Two small black birds shoot up into the air from behind a wave, twisting around each other before disappearing again, temporarily hidden amongst the moving folds of the ocean’s surface. I look to see where they have gone but it’s impossible to find them. There’s so much movement out there, and the birds skim so close to the water you can only see them when they rise and are silhouetted against the sky.
Out of the corner of my eye I see a sparkle. Silver shapes skitter away on the surface, desperately trying to get away from us as we invade their wave. The flying fish are back! I’ve been surprised at how few we’ve seen over the last couple of months. There were loads on the first crossing from Mexico, along with dolphin and whales … but then almost no sea life on the open ocean until just a few days ago. This morning a small pod of dolphin came to say hello just after dawn, too.

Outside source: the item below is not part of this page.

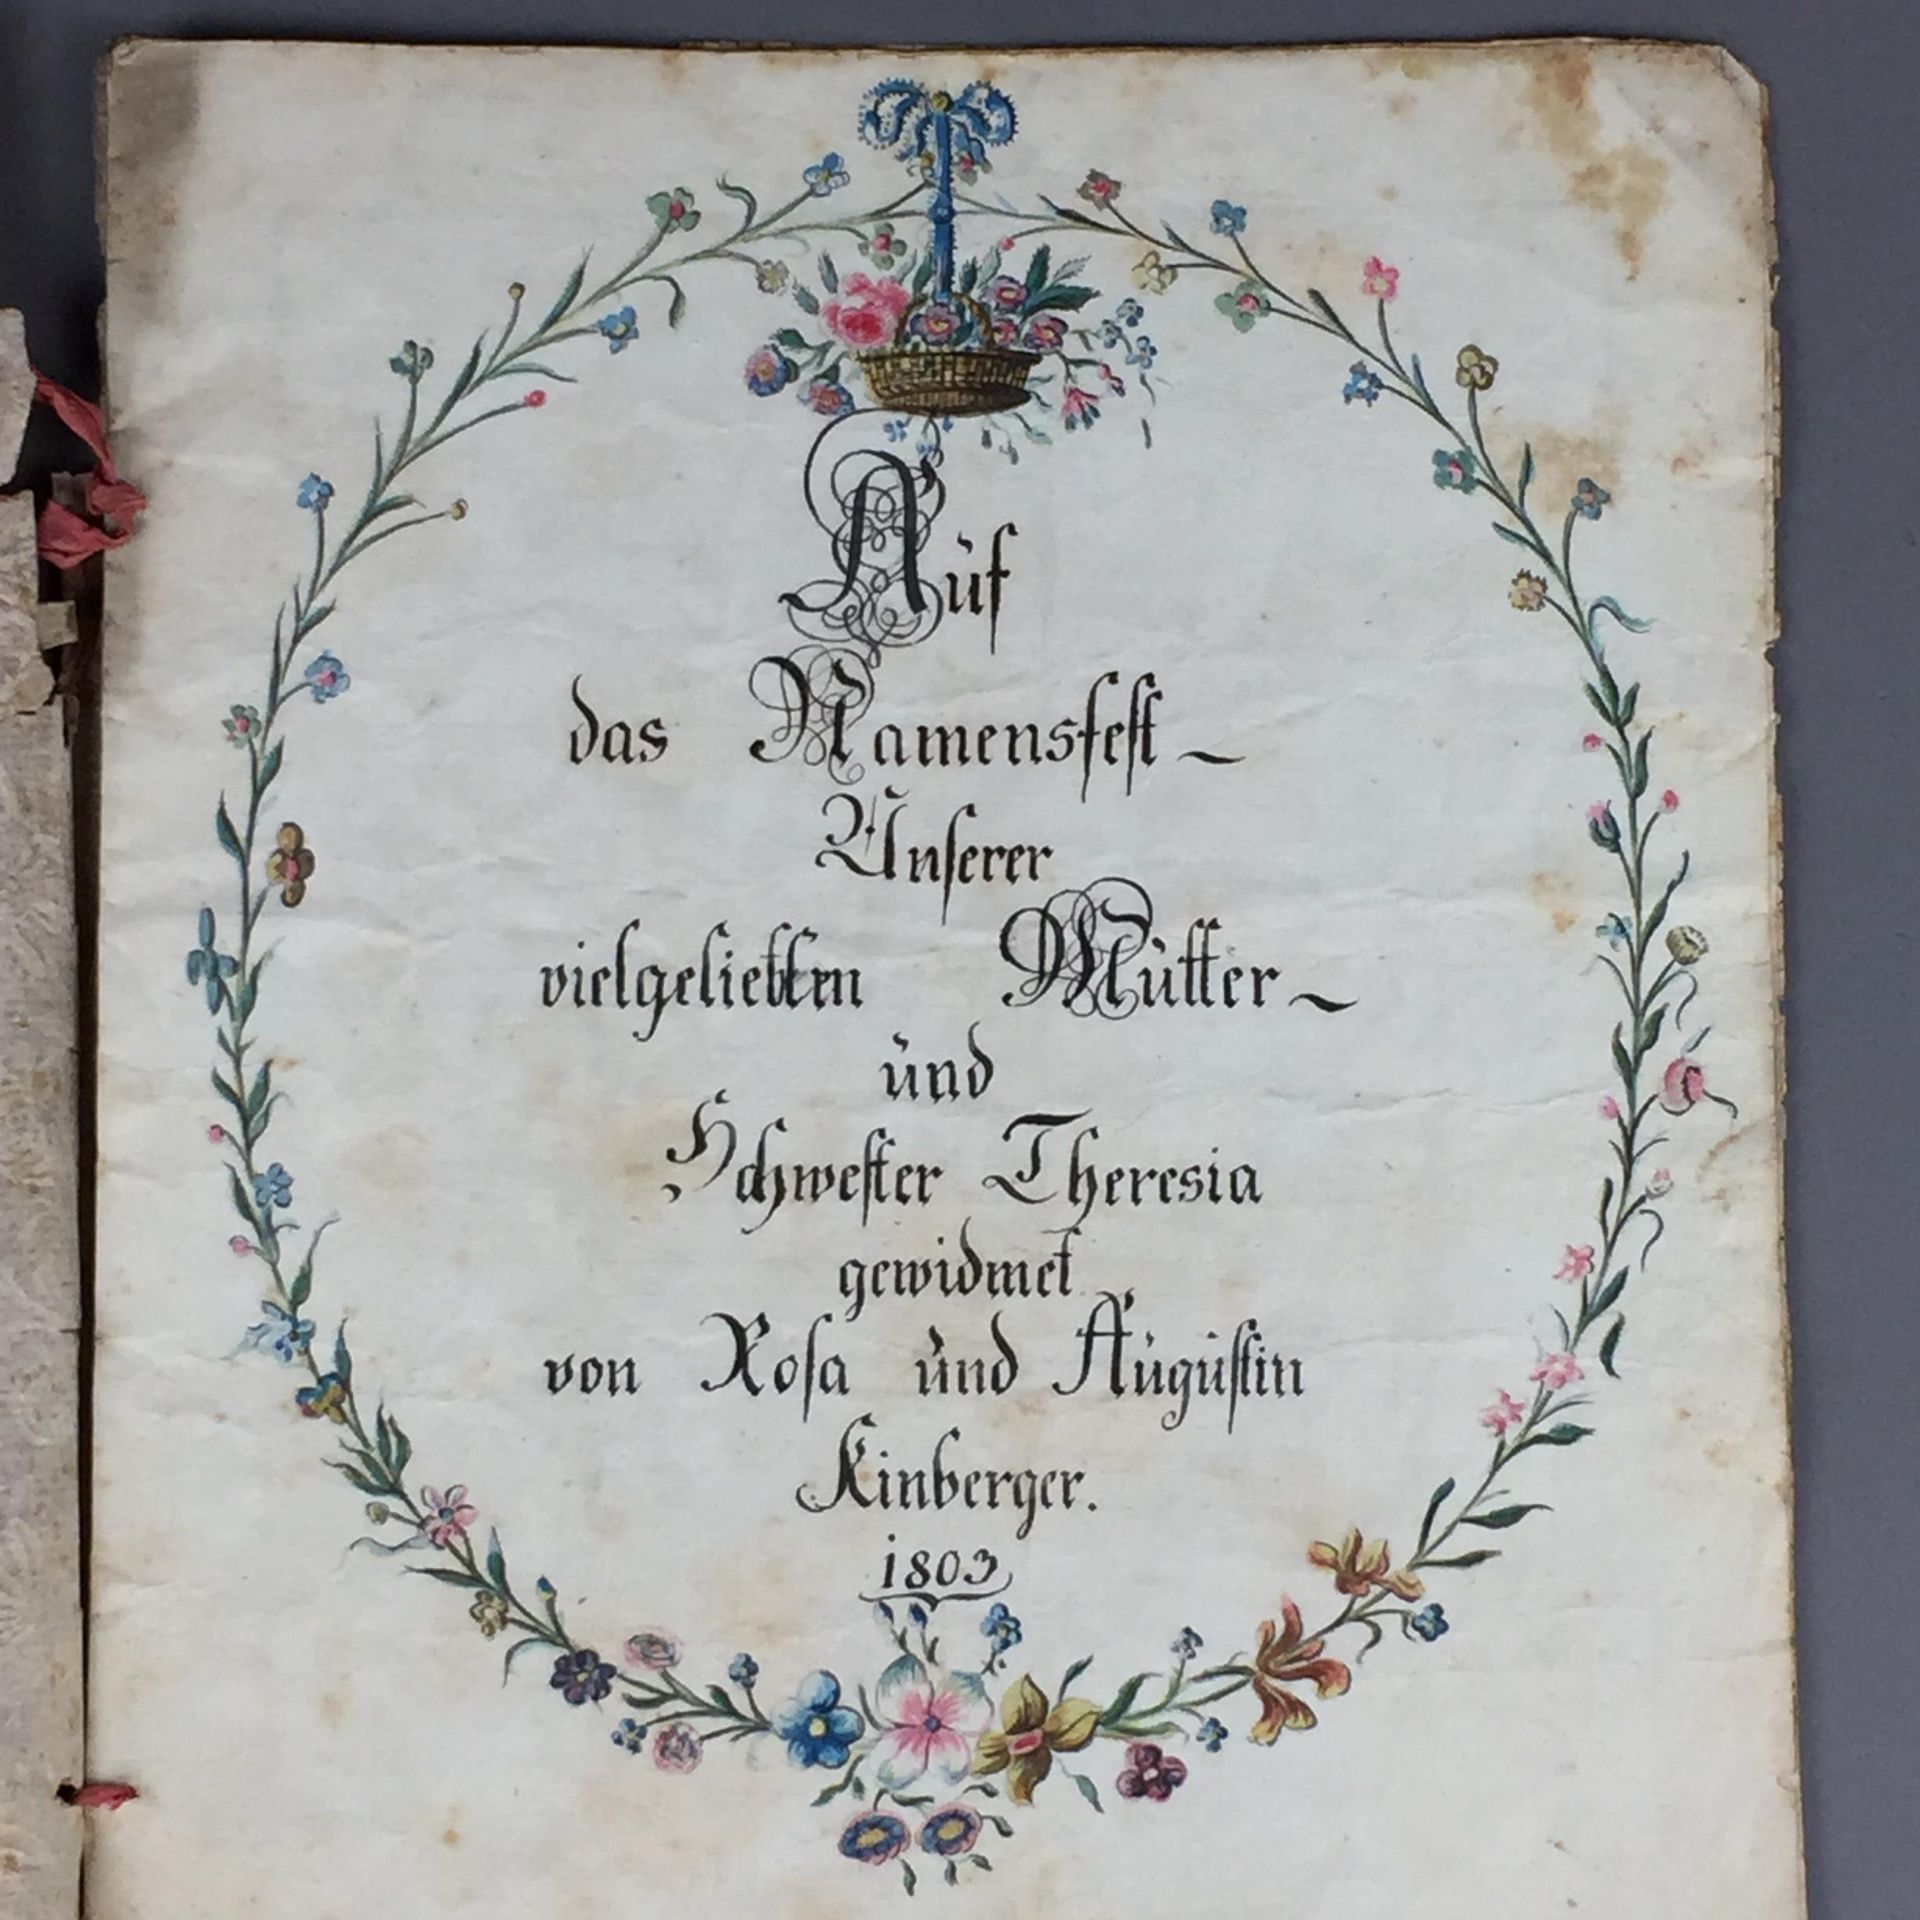 Alte Karte zum Namensfest - 1803 datiert, "Auf das Namensfest unserer vielgeliebten Mutter und

The bigger flying fish seem solitary, powerful, confident, professional flyers, sometimes flying so far that they are too small to see before they disappear under the surface. The smaller ones scatter in panicked shoals as we approach, their immature wings and obvious lack of skill getting them over only one or two waves at best. Does a shoal of flying fish become a flock as soon as it takes to the air? For the impressive amount of time they manage to stay airborne, in the transition zone of moving wind and water, they seem as capable as any sea bird. Navigating the rise and fall of the waves just millimetres off the surface, fish or bird – the big school of the sea has taught them the same flying lessons. Except where the bird ends its dance along the surface with a swoop into the air, as though it had just been catapulted into the sky, the fish just disappears into the face of the wave with a little explosive splash. Sometimes there are so many, it looks like a machine gun being fired into the sea. When the sea is rough, their blue and silver bodies are lost from view over a blue and silver ocean, only the re-entry detonations showing that they were ever there at all.
They are amazing creatures, with huge see-through, spiny pectoral fins that act as wings, and a large lower rear fin which works as an engine to get them going. Flick flick flick, back and forth underneath them drawing lines in the sea for a few yards as they build up speed. The line stops and then swoooosh, they are in the air.
Fish becomes bird.
Sometimes, the flight ends too soon, at a distance the fish decides is not yet far enough away for comfort. Still skimming above the surface, his tail connects with the sea and flick-flick-flick, he’s off again. Sometimes he’ll make a sudden change of direction as soon as his engine touches down, his silver and blue body darting off across the waves for another fifty yards, going completely the opposite way. Amazing.
In the early hours of this morning I was lost in thought, mind wandering with the stars, enjoying the first peaceful night watch for a week. Then WHUMP! Something collided with the spray hood just behind my head. Then quiet again. Just the sound of the wind and the waves. I cautiously poked my head around the corner and a huge glistening flying fish lay stunned on the side deck, motionless. He was a monster – perhaps 30cm long, wedged between the diesel cans and a porthole. I dashed below for a camera and tried to snap a photo, just as the would-be kamikaze pilot came to his senses and started flapping about. His back was an incredible, almost iridescent blue, unlike the dark navy blue ones I sometimes find dead on the decks in the mornings. Do they change colour when they die, like mahi mahi, or perhaps there are different species? I opened out his wings to take a good look, amazed by the perfection of each spine and curve. The thick bullet shaped body was pure muscle, evolved over millions of years for explosive speed.
I was tempted to keep him for breakfast, but as he started to flap around more frantically, his mouth open gasping for water, I decided he was better off back in the sea.